A leaked WhatsApp group chat revealed the extent of coordination between EPP members and the far right. Participants included MEPs from the EPP, the European Conservatives and Reformists (ECR), Patriots for Europe, and the AfD.

Among those in the chat was Mary Khan of the AfD. She proposed amendments including expanded powers for age assessments of asylum seekers through medical testing—suggestions that EPP members reportedly welcomed. EPP president Manfred Weber, despite backing the broader alliance, publicly distanced himself from the chat group.

“Recent revelations about coordinated contacts, including WhatsApp exchanges, make this even clearer,” said Ana Catarina Mendes, S&D vice-president. “Democratic law-making must respect the rights laid down in our Charter—it cannot simply treat these rights as optional. We urge the EPP to rethink its position and work with pro-European groups on a regulation that guarantees effective, sustainable, and dignified returns.”

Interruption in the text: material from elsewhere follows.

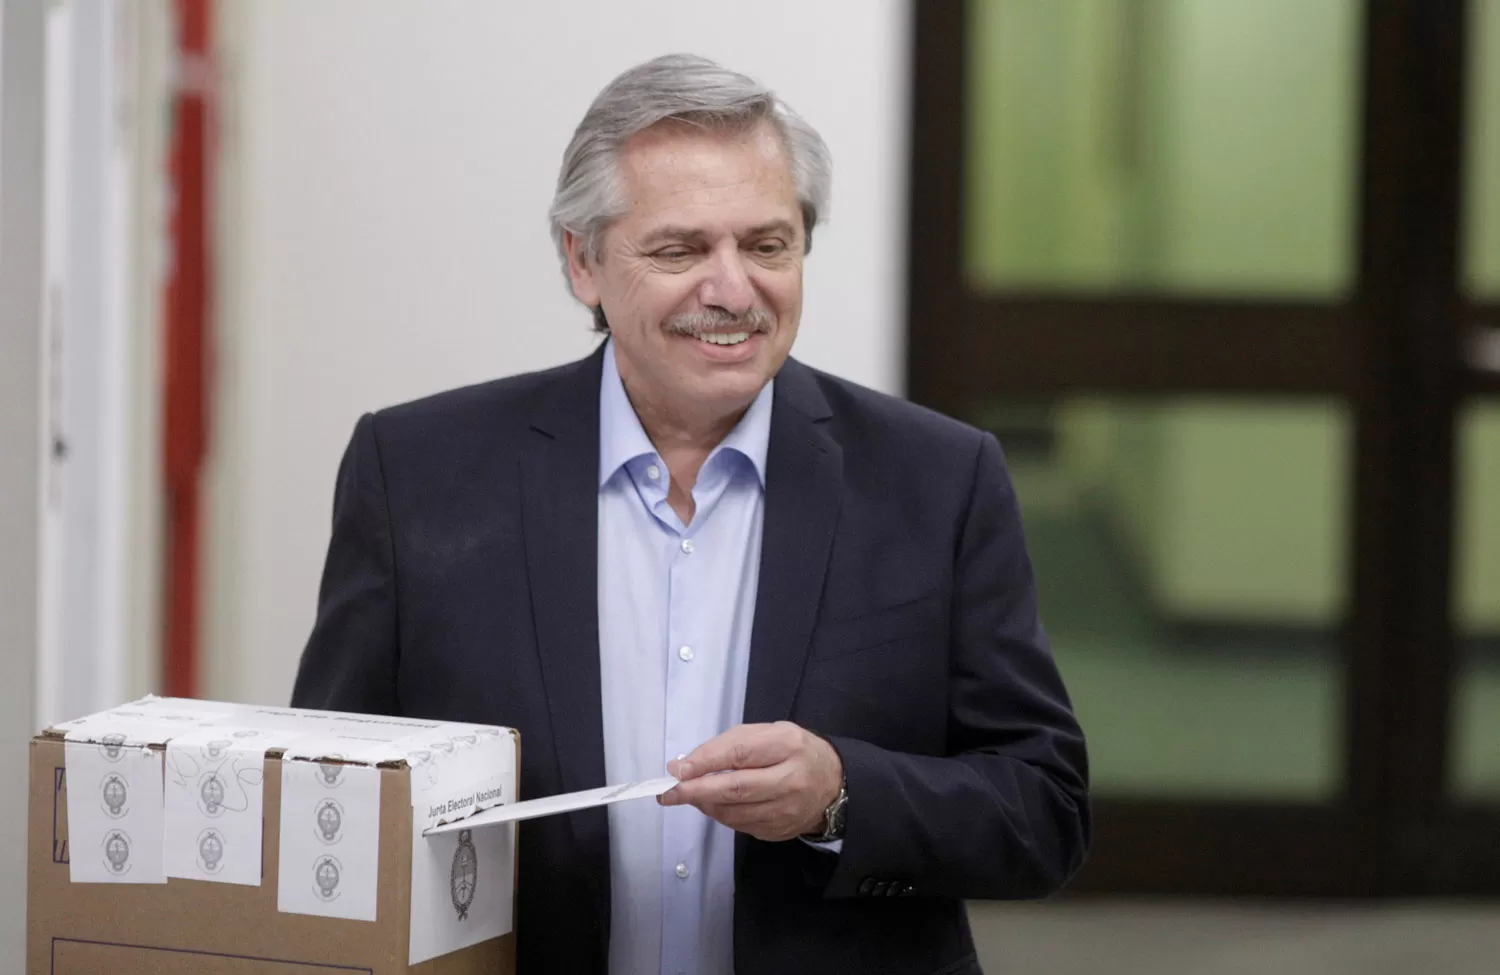 Con pétalos de rosa, recibieron a Alberto Fernández en donde votó

Rights groups sound the alarm

Under the new rules, member states must issue a return order to anyone without the right to stay. This applies regardless of whether removal is actually feasible or lawful. People could be sent to countries they have never set foot in, on the basis of a single bilateral agreement. Families and young children are not exempt.

Opposition extends beyond the political groups that voted against the text. Caritas Europa, together with six Christian organisations representing Anglican, Orthodox, Protestant, and Catholic churches across Europe, has voiced deep concern about the Parliament’s position. Doctors of the World warned that the regulation risks cutting undocumented people off from basic healthcare.

We risk turning our schools, hospitals, reception centres, workplaces, public transport, and even our homes into immigration control centres. — Doctors of the World

“We are fighting racial profiling and risk turning our schools, hospitals, reception centers, workplaces, public transportation, and even our homes into immigration control centers. For undocumented people, this creates a climate of fear. Fear drives people to avoid healthcare: they postpone medical visits and isolate themselves, causing their health conditions to deteriorate,” they said in a joint statement.

Negotiations between the Parliament, the Council, and the Commission began the same afternoon. The outcome will shape the fate of hundreds of thousands of people without legal status in Europe. It will also test how far the EU’s political mainstream is willing to go—and with whom—to get migration off the agenda.